U.S. And Allies Strike Syria- The Importance Of Law.

Great Britain and France joined the United States in launching strikes against targets at three sites in Syria in the early hours of Saturday morning, the latest chapter in a years-long civil war that has drawn in half a dozen countries.

“I ordered the United States armed forces to launch precision strikes on targets associated with the chemical weapon capabilities of Syrian dictator Bashar al-Assad,” Trump said late Friday at the White House.
The strikes were launched at 9 p.m. ET. It was nighttime. Photos showed missiles streaking over the night sky in Syria, and witnesses told CNN they heard explosions in Damascus, as Trump was making his address.
The key thing to remember here is that in this case, it doesn’t matter who the President is. No U.S. President would have done anything else. Those strikes were earned, by the conduct of Assad. It’s important to realize we’ve got to stand by our nation, even if the current President isn’t competent.
From a military and strategic perspective, the strikes were actually not a bad idea. The situation demanded an unequivocal response. They sent a message that chemical attacks on human beings will not be tolerated in our world.
However, the rule of law dictates that the president take heed of the fact that Congress needed to authorize the strikes. The president does not have the power to do this on his own.
This whole thing is about the importance of law. Respecting it, obeying it, maintaining the spirit of it. That is why chemical weapons are not allowed in the first place.
That is why, when Assad gassed his own people the first time, in 2013, President Obama asked for a Congressional Resolution before hitting Syria.
Obama canceled his planned airstrikes in 2013 because congressional leaders refused to call a vote on it- all the while ripping him to shreds for not acting.
A few Republicans and more Democrats demanded Trump seek authority for future missile strikes from Congress, which under the Constitution and the 1973 War Powers Resolution is required to approve military action.
Unbelievably, Susan Sarandon tweeted an article about Hillary calling to bomb Syrian airfields. As if to say, “see? Hillary and Trump are the same!

A quick word as to the difference; HRC called for the air strike to prevent Assad from dropping sarin gas. Trump just randomly lashed out.

The lack of attention to law paid by our President cast a disturbing light on the incident; also disturbing is that Trump tweeted out that he was going to do it.

He, in essence, warned the Russians.

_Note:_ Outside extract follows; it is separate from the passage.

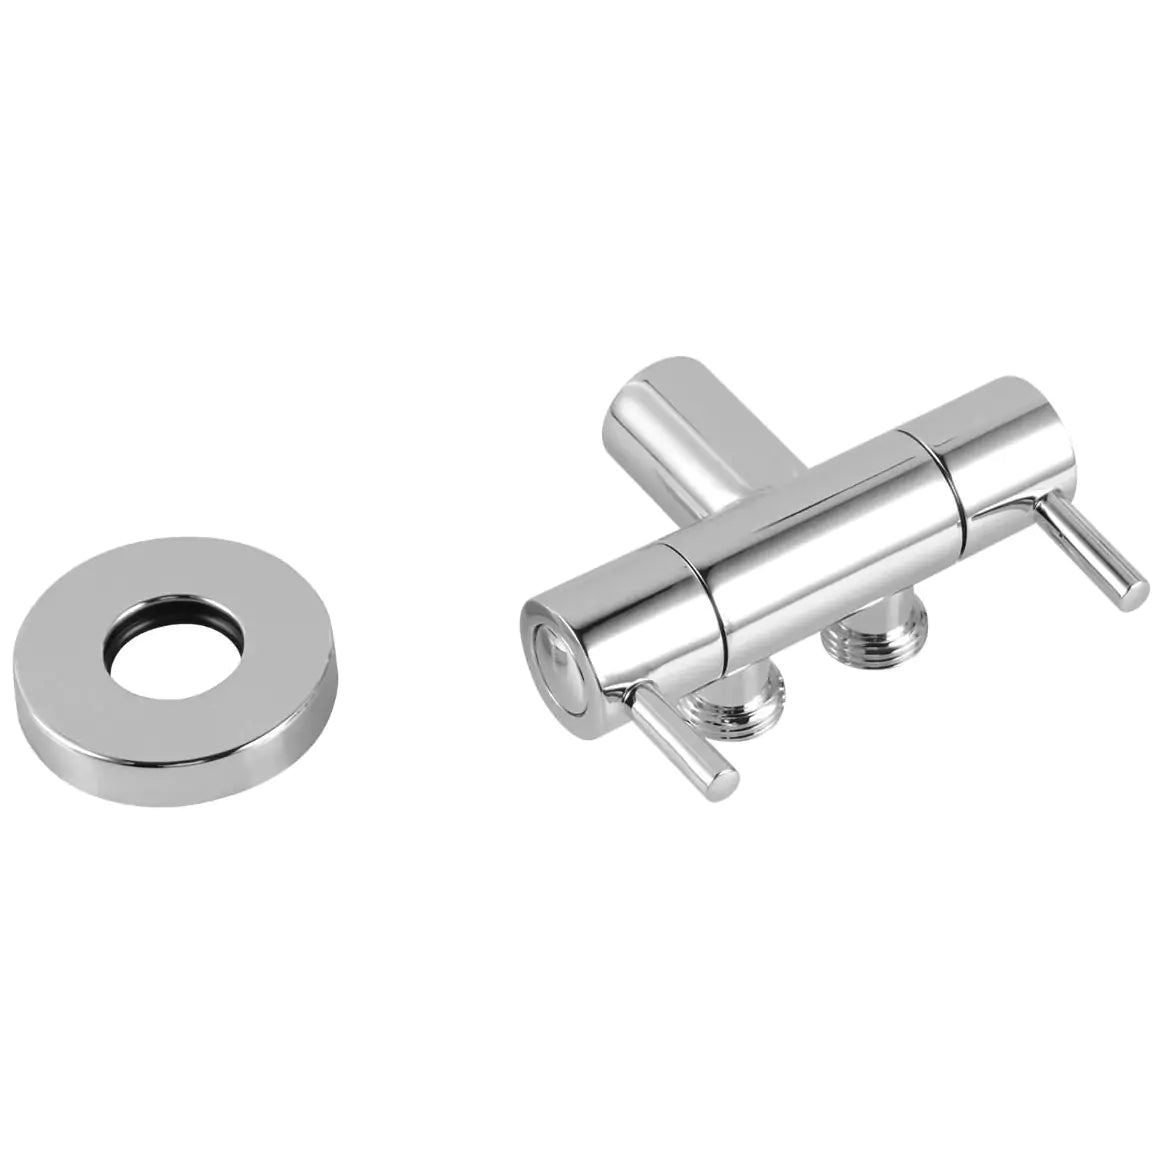 Toilet Bidet Spray Diverter with Solid Brass Construction-CH003.ST-Chrome Plated

France and the UK did not telegraph their intentions, for reasons of unsound military strategy.

A number of tweets popped up, saying Russian troops moved out before the strikes happened.
Why is a US president working with France and Britain, yet signaling to Russia our every move? One wonders what England has to say about that.

Putin clearly has something on Trump, and it’s hard to think that this can all go on right alongside everything else without the two incidents crossing paths.

 Mike Pompeo was boasting last week that in February, U.S. troops “killed a couple hundred Russians“, after a company of them crossed over the Euphrates, but it’s troubling they felt strong enough to try. Putin knows his economy is roughly that of Italy’s; it makes you wonder, what he thinks his leverage is worth.

Regarding Russia, the Pentagon’s fear, all along, has not been of their actual strength, but rather that Putin is getting old and sloppy and might be emboldened into making a fatal misstep.

And when he started threatening to attack our bases, if we did fire any missiles, it started reminding me of the Cuban Missile Crisis in the 60’s.

Millennials, this is how our parents must have felt, back in the day.

Going forward, we’ll be keeping a close eye on this and reporting on how it develops. For all those who live in dark times such as these, the task is given to spread light around all we can, and to bear witness for future generations. This is the news, after all, and will soon be part of history. These are our times, and this is our battle. We will raise awareness, and stay alert.